- WHAT TO DO:
None of the pictures should be copied, though every line of the listing must be printed exactly.
=== STORED DATA ===
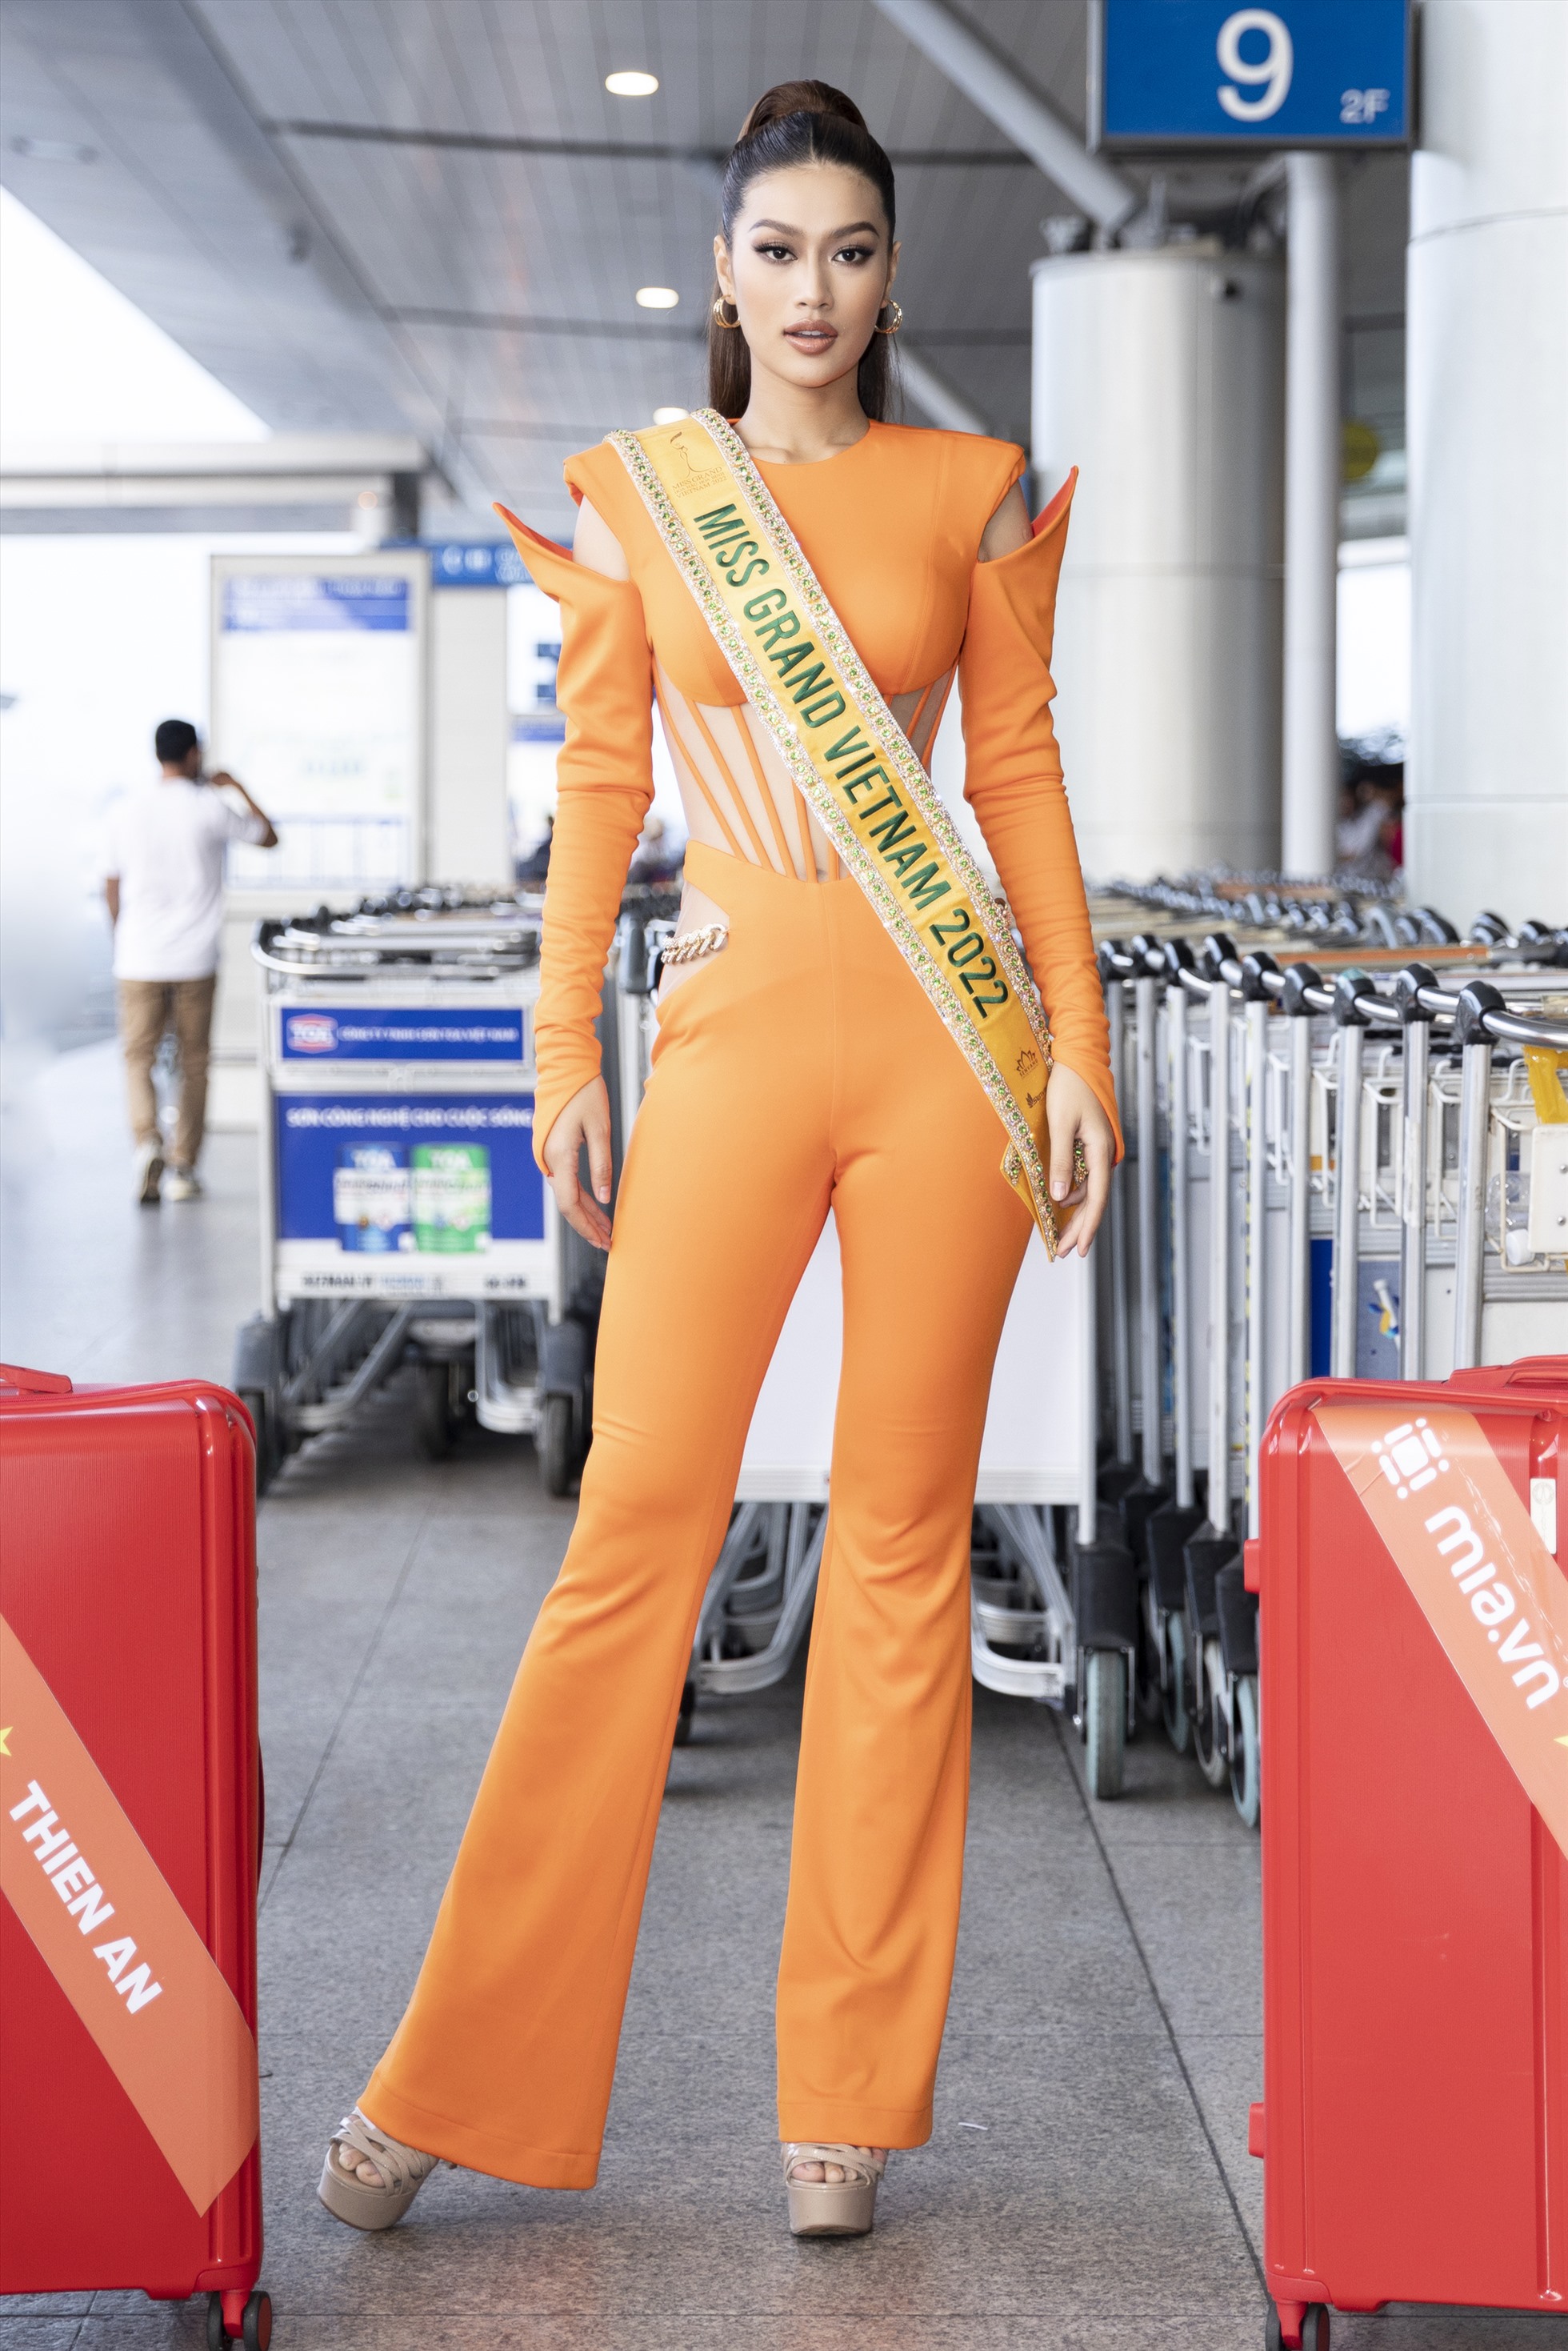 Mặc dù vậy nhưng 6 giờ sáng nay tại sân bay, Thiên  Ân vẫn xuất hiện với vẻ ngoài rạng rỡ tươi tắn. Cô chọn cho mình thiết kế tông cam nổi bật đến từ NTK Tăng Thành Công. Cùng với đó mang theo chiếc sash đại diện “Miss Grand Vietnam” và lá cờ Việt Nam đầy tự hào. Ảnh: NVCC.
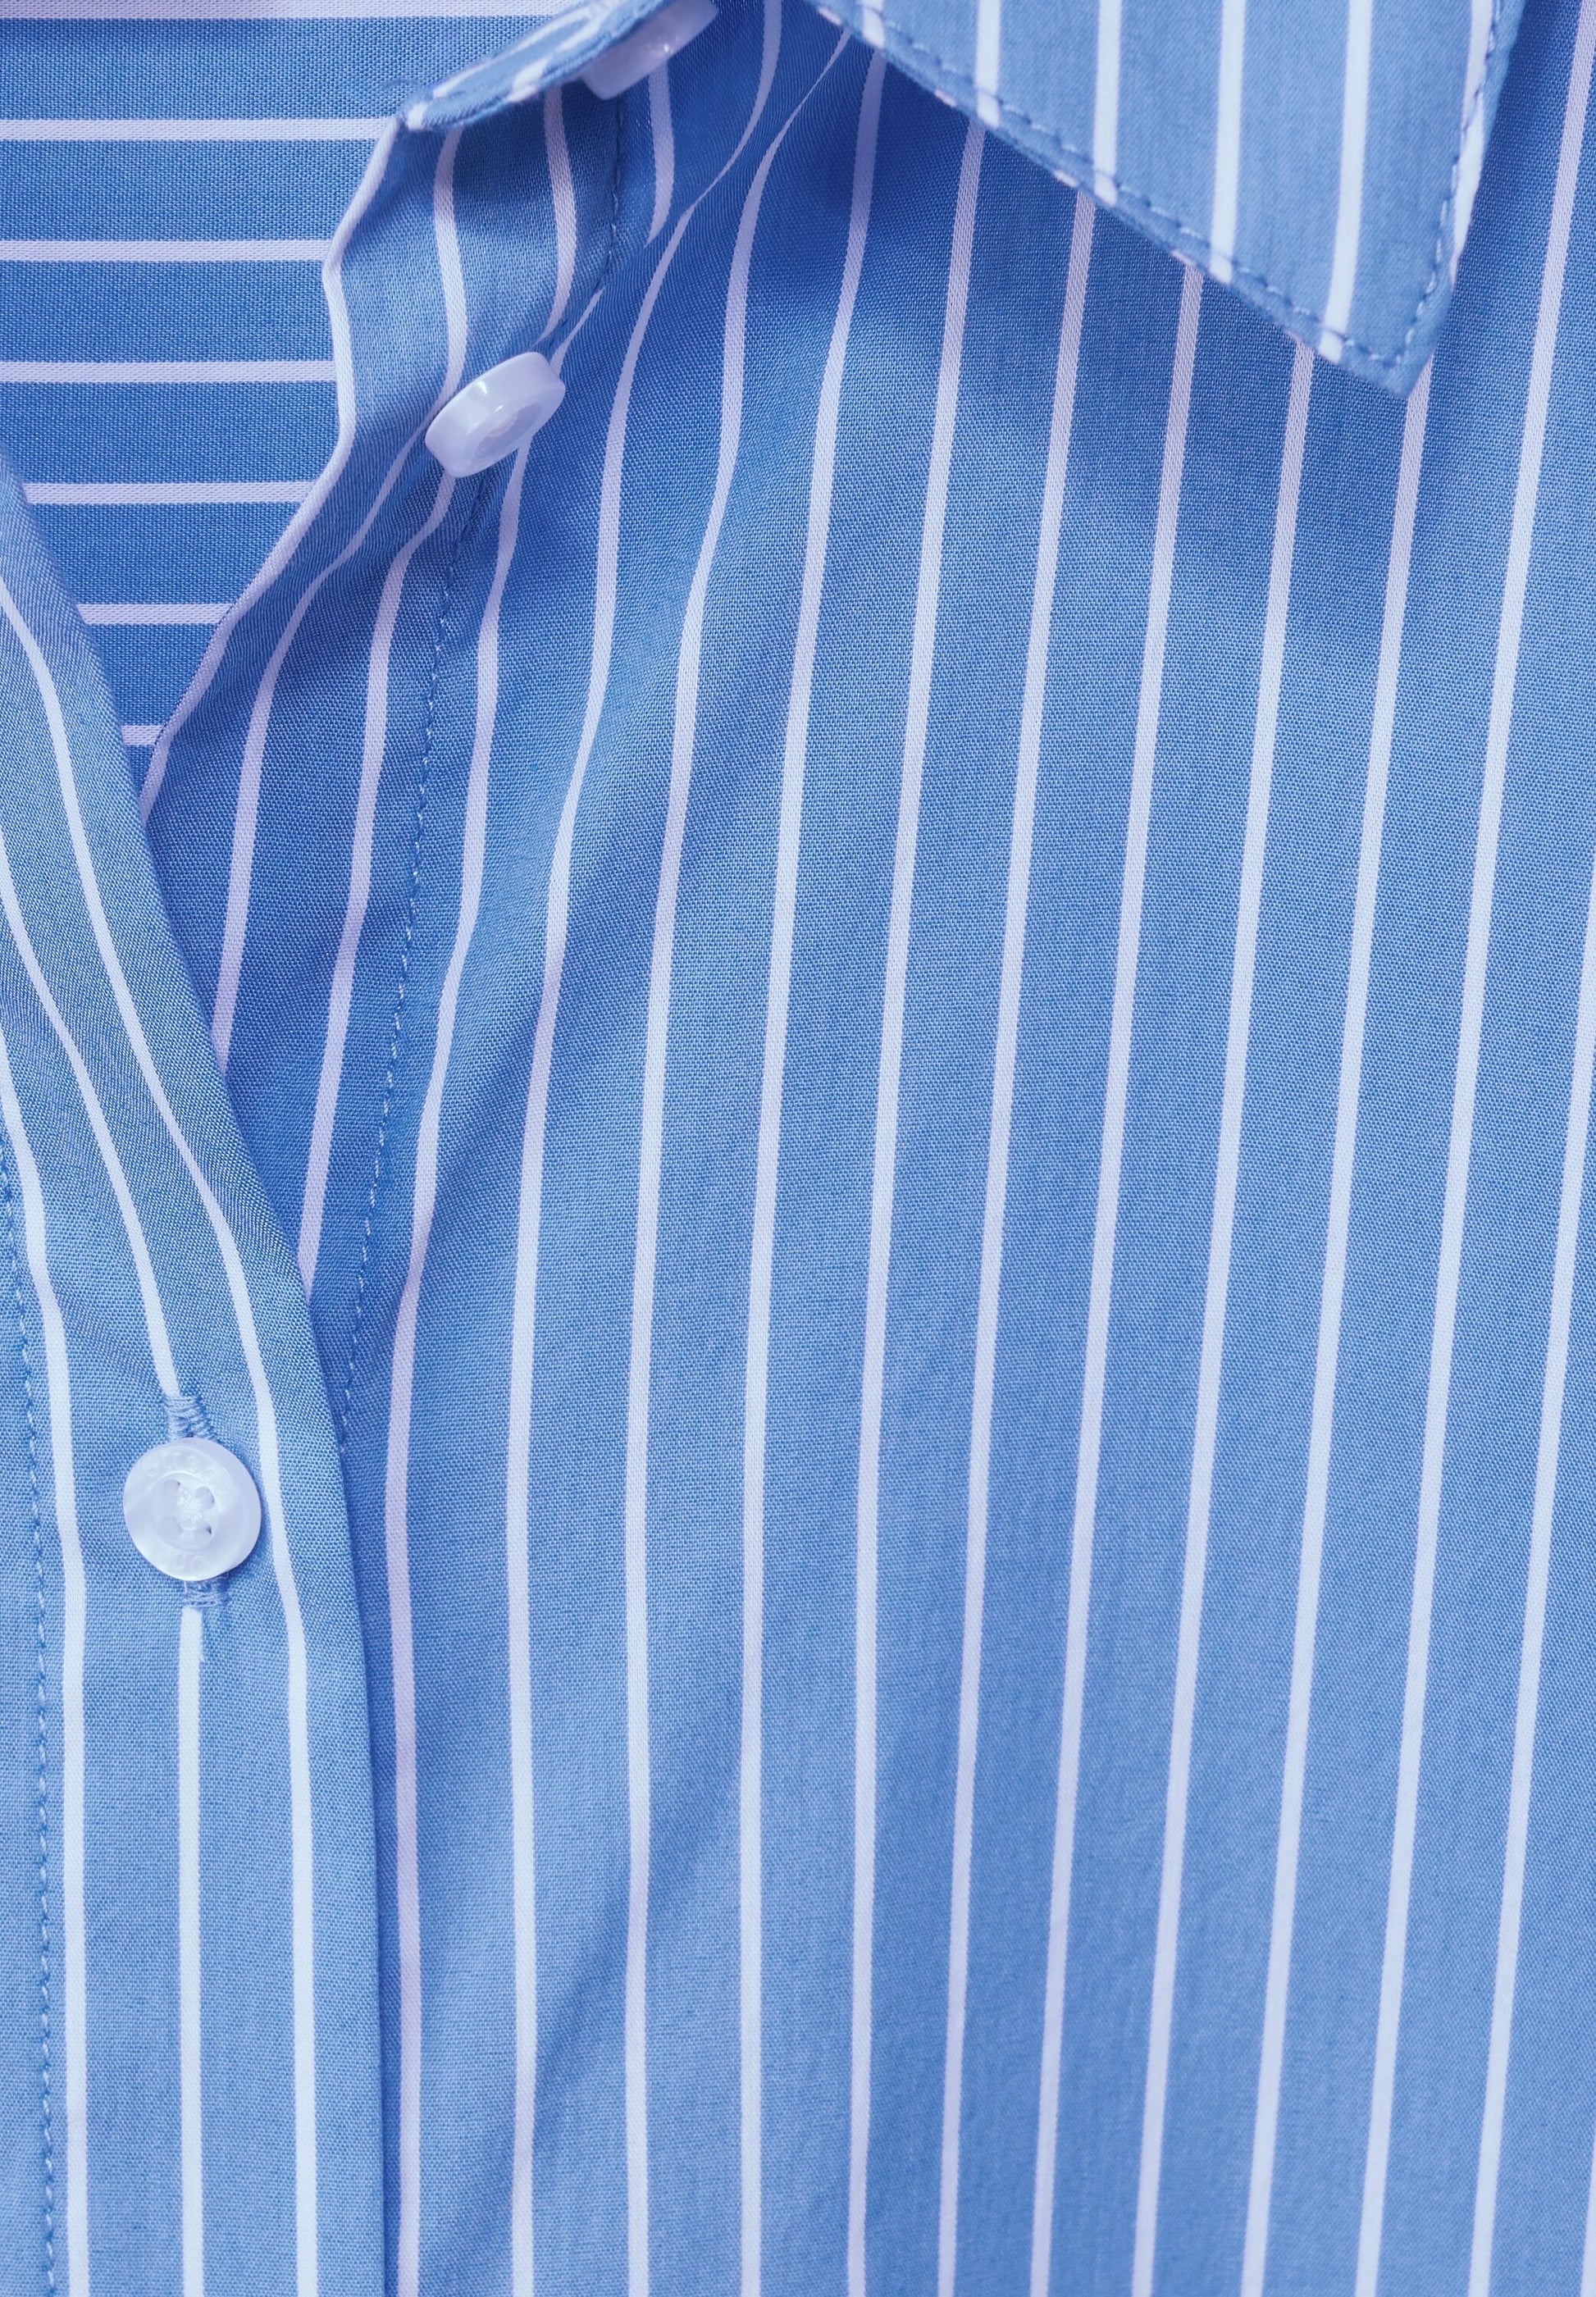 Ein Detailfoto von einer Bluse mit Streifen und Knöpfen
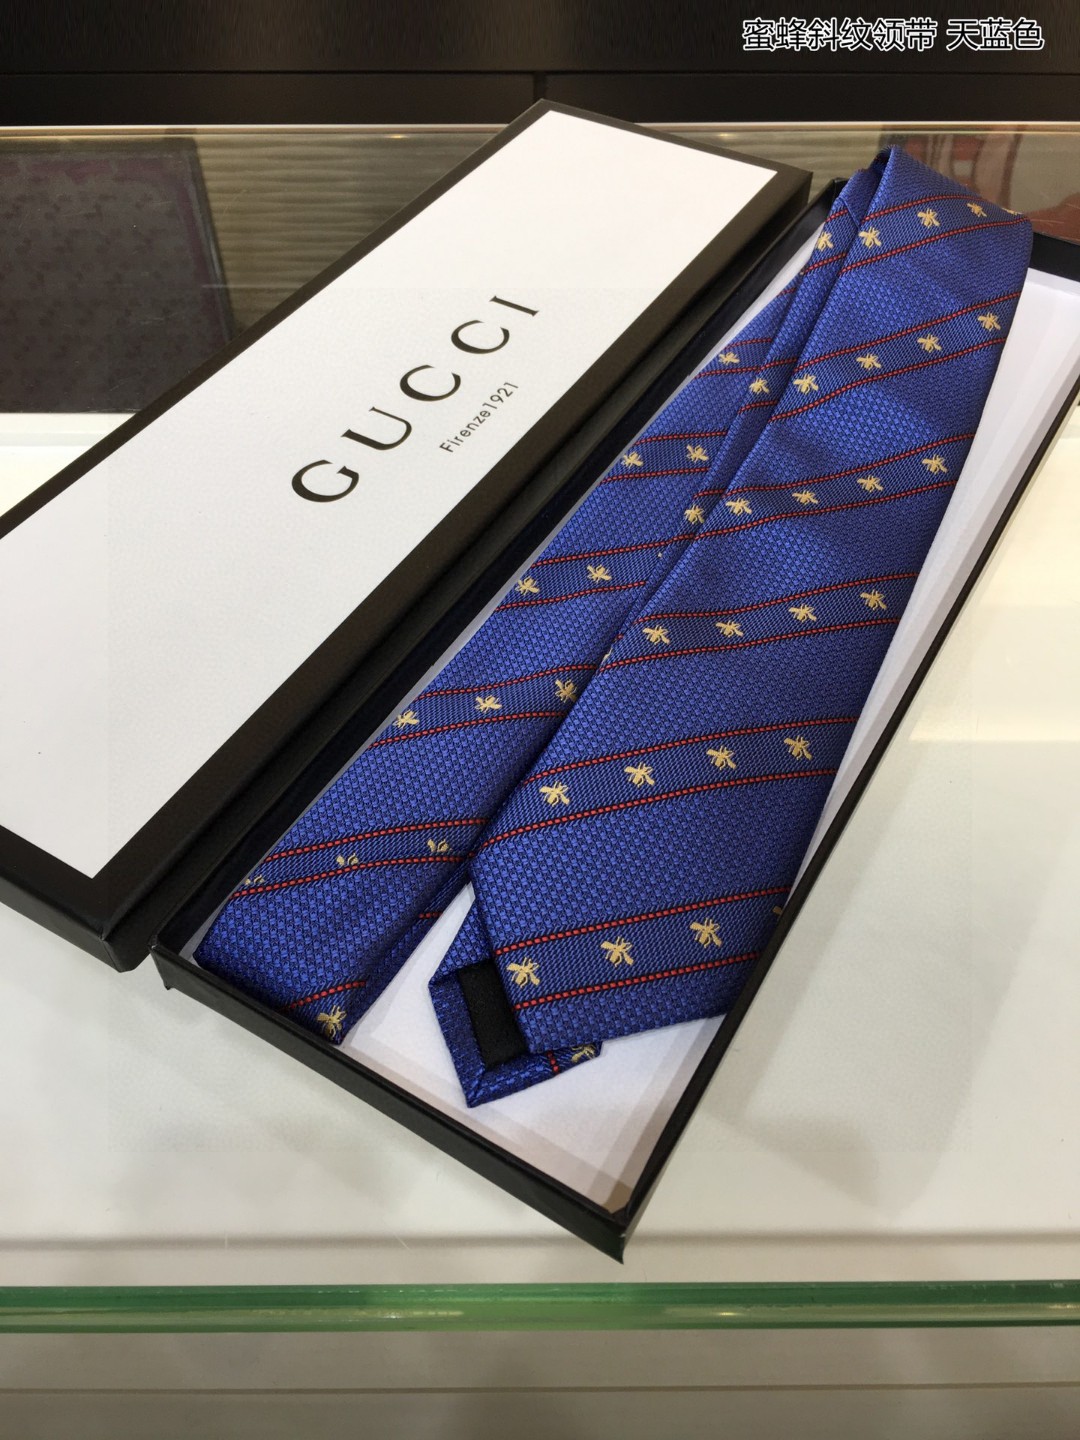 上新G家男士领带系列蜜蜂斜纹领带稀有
===
- SOLUTION FOR THIS TASK:
 Mặc dù vậy nhưng 6 giờ sáng nay tại sân bay, Thiên  Ân vẫn xuất hiện với vẻ ngoài rạng rỡ tươi tắn. Cô chọn cho mình thiết kế tông cam nổi bật đến từ NTK Tăng Thành Công. Cùng với đó mang theo chiếc sash đại diện “Miss Grand Vietnam” và lá cờ Việt Nam đầy tự hào. Ảnh: NVCC.
 Ein Detailfoto von einer Bluse mit Streifen und Knöpfen
 上新G家男士领带系列蜜蜂斜纹领带稀有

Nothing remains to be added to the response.